During this time, I began seeing this girl that I really liked. While things seemed to be going well, surprisingly, she cut things off one day. This was hard for me to process at the time. A girl who seemed like she genuinely liked me seemingly randomly broke things off for reasons I didn’t feel were legitimate. What did that say about me? Was I not good enough? These are some of the questions that consumed me for a while. While before, I could rely on my career or grades as a sense of self-worth to overcome rejection, I didn’t have a sense of accomplishment in these things anymore. My career was going okay, but I wasn’t the best of the best. And I was well past college and high school for any of those accomplishments to matter anymore. I turned to fitness as a source of control.

I finally hired a personal trainer for the first time. I was fully committed to something again. I started doing compound lifts correctly, without ego-lifting, and with the proper form. I measured each meal with a food scale to get the calories I consumed. Then, over the year, I became the fittest I had ever been. 

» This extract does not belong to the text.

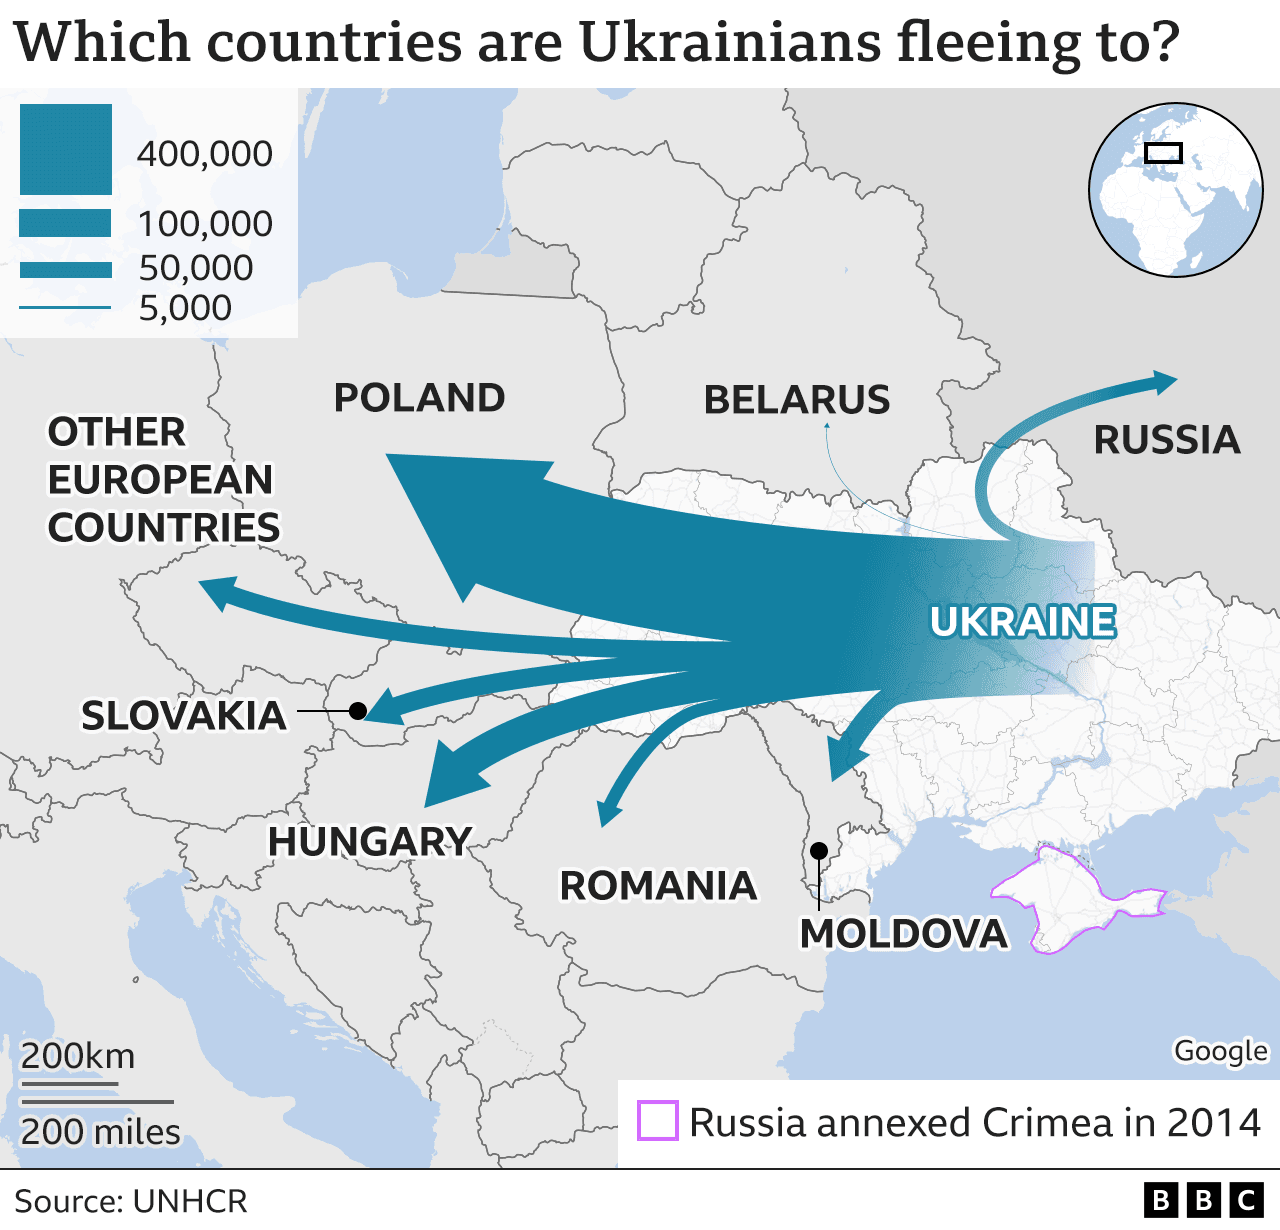 Map showing which countries Ukrainian refugees are fleeing to

Some would point to rejection as the impetus for me taking my fitness to a higher level. They might be right. Regardless of the motivation, fitness has better equipped me to handle rejection. Fitness is the one thing in my life that I have complete control over. I control how much I move. I control what goes into my body. On the other hand, I accept that there are other things in life that I can’t fully control, like the actions and emotions of others. Whether that is getting rejected romantically, a manager not giving me a promotion, or an investor not investing in my company, these uncontrollable outcomes do not define who I am.

Letting Go

I still go to the gym 6 or 7 times a week. My diet is relatively strict, but not to the level it was when I was at my peak physique. I am less intense than before about different fitness goals, like increasing my personal records on different lifts or doing a certain number of pull-ups. I have become satisfied with where I currently am. There was a time when fitness was my number one priority. However, it has taken a back seat to my current career pursuits.

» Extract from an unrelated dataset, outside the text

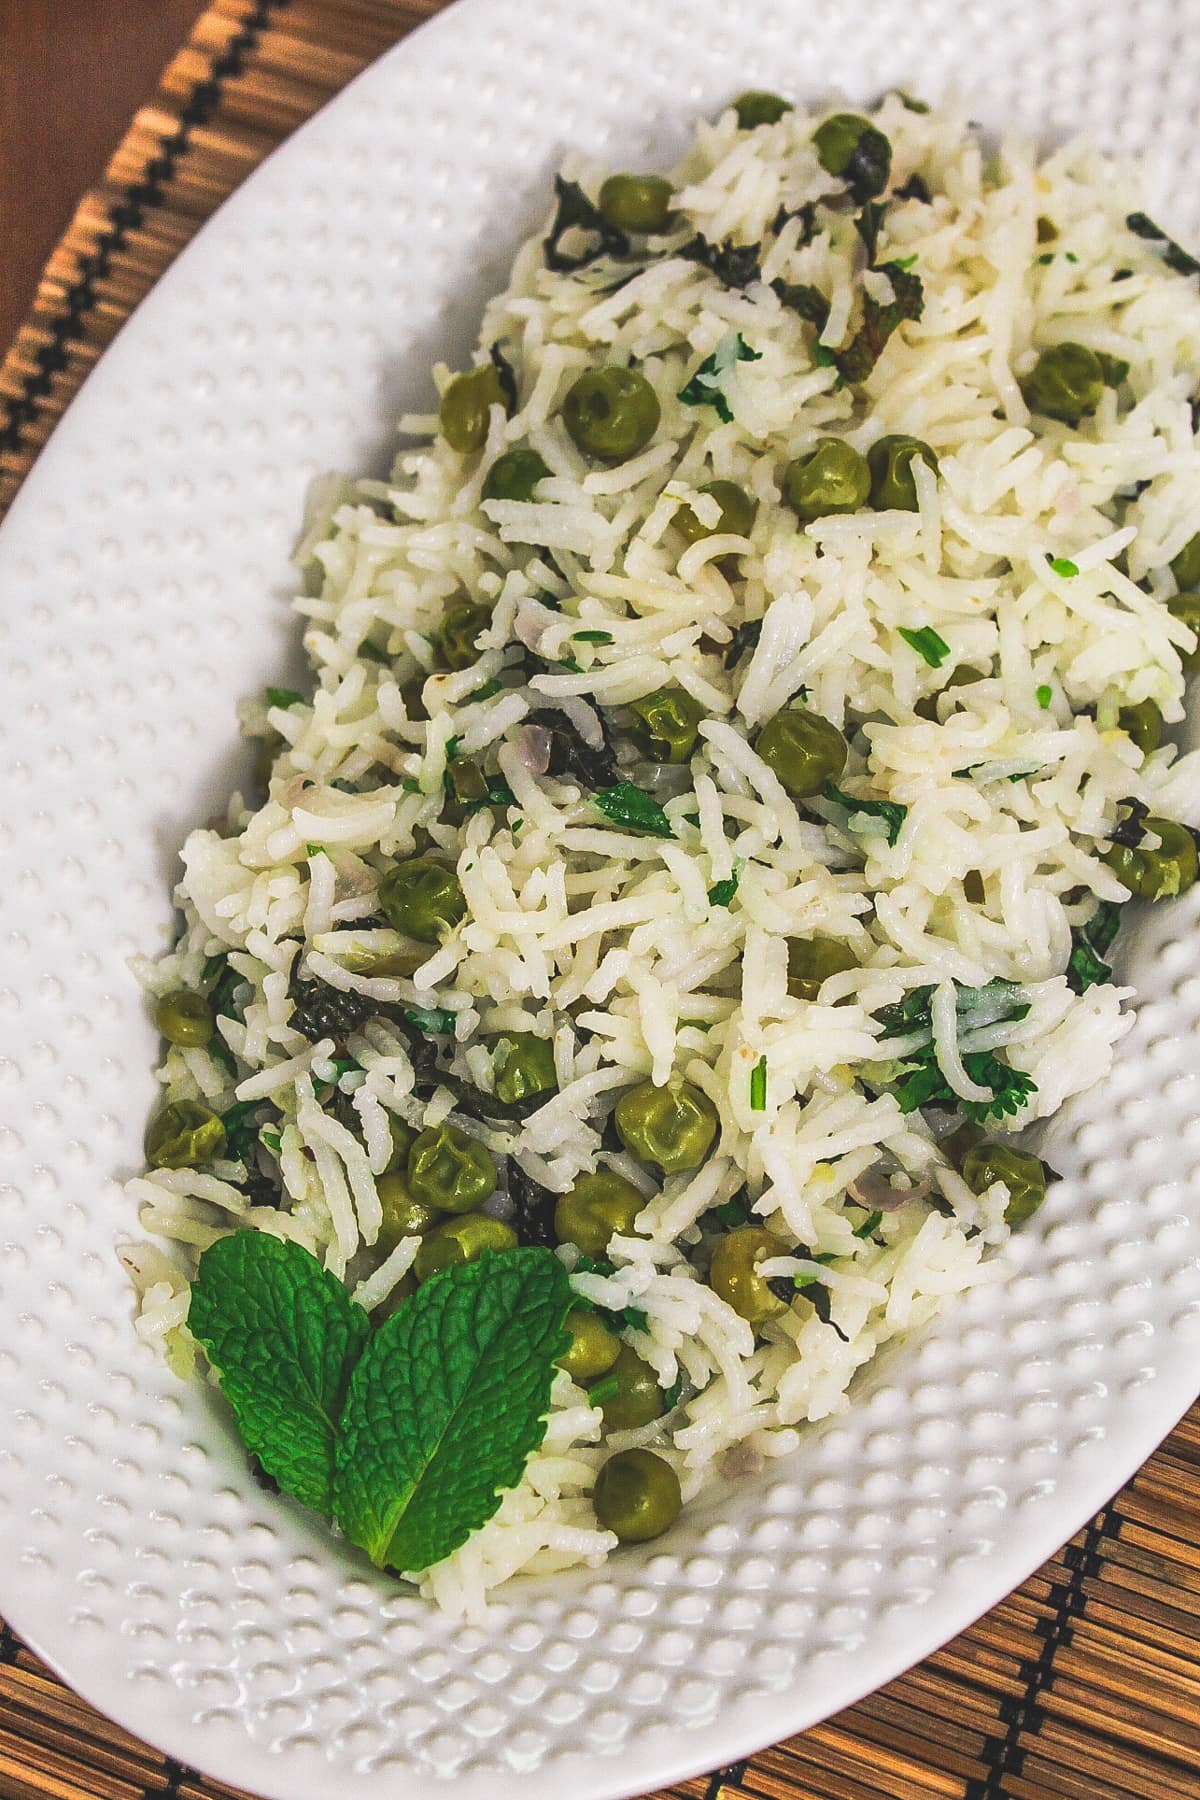 Peas pulao in a plate garnished with mint leaves.

Like any other investment, these 11 years have built a foundation where my baseline fitness level will always be at a level I am content with. Sometimes, it is hard to look back and realize how far I’ve come, as I always have an inner desire to get better and better. But I am proud of my progress, and while fitness will always be a part of my life, it doesn’t solely define who I am. 

Lasting Thoughts

Fitness is a process; it takes time, commitment, and discipline to fulfill your individual potential. It comes naturally for some; for others, it is much more of a struggle to progress. Everyone’s path is unique. My journey taught me the importance of focusing inward, emphasizing the effort put into the process rather than being ego-driven or proving others wrong. In life, we control the inputs to a process, and by nurturing these inputs, we unlock our true potential, whether in fitness, our relationships, or our careers. As Tony Horton wisely states, “Do your best and forget the rest.”